An endoreversible intercooled regenerative Brayton cogeneration plant model coupled to variable-temperature heat reservoirs is established. On the basis of the exergetic analysis, the performance of the plant is investigated using finite time thermodynamics. Analytical formulae about dimensionless exergy output rate and exergy efficiency are deduced. By taking the maximum exergy output rate and exergy efficiency as the objectives, the heat conductance allocations among the hot-, cold- and consumer-side heat exchangers, the intercooler and the regenerator, the choice of intercooling pressure ratio are optimized by detailed numerical examples, and the corresponding exergy efficiency and exergy output rate are obtained. When the optimization is performed further with respect to the total pressure ratio of the cogeneration cycle, double-maximum exergy output rate and double-exergy efficiency are obtained.
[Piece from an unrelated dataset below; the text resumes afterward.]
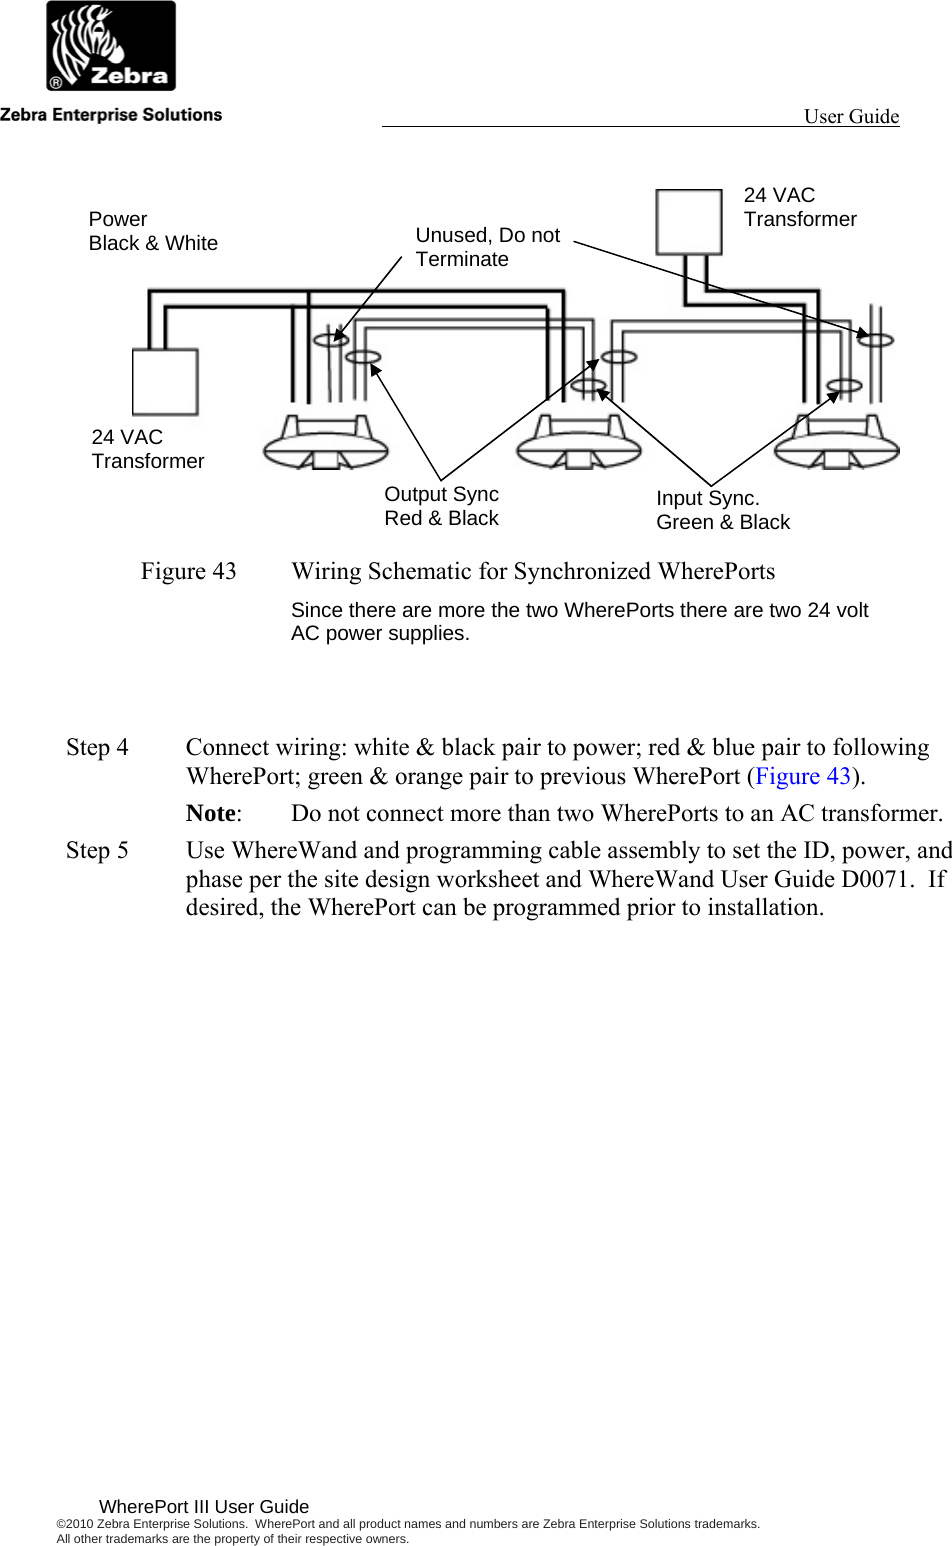                                                                                                                 User Guide                                        WherePort III User Guide ©2010 Zebra Enterprise Solutions.  WherePort and all product names and numbers are Zebra Enterprise Solutions trademarks.  All other trademarks are the property of their respective owners.      Figure 43  Wiring Schematic for Synchronized WherePorts Since there are more the two WherePorts there are two 24 volt AC power supplies.   Step 4  Connect wiring: white &amp; black pair to power; red &amp; blue pair to following WherePort; green &amp; orange pair to previous WherePort (Figure 43).   Note:  Do not connect more than two WherePorts to an AC transformer.  Step 5  Use WhereWand and programming cable assembly to set the ID, power, and phase per the site design worksheet and WhereWand User Guide D0071.  If desired, the WherePort can be programmed prior to installation.24 VAC Transformer 24 VAC Transformer Output Sync Red &amp; Black  Input Sync. Green &amp; Black Unused, Do not Terminate Power Black &amp; White

The effects of the total heat conductance, the consumer-side temperature and the thermal capacitance rate matching between the working fluid and the heat reservoirs on the double-maximum dimensionless exergy output rate and the double-maximum exergy efficiency are analyzed, it is found that there exists an optimal consumer-side temperature which leads to a thrice-maximum dimensionless exergy output rate, and there exist optimal thermal capacity rate matchings between the heat reservoirs and the working fluid, respectively, which lead to a thrice-maximum dimensionless exergy output rate and a thrice-maximum exergy efficiency.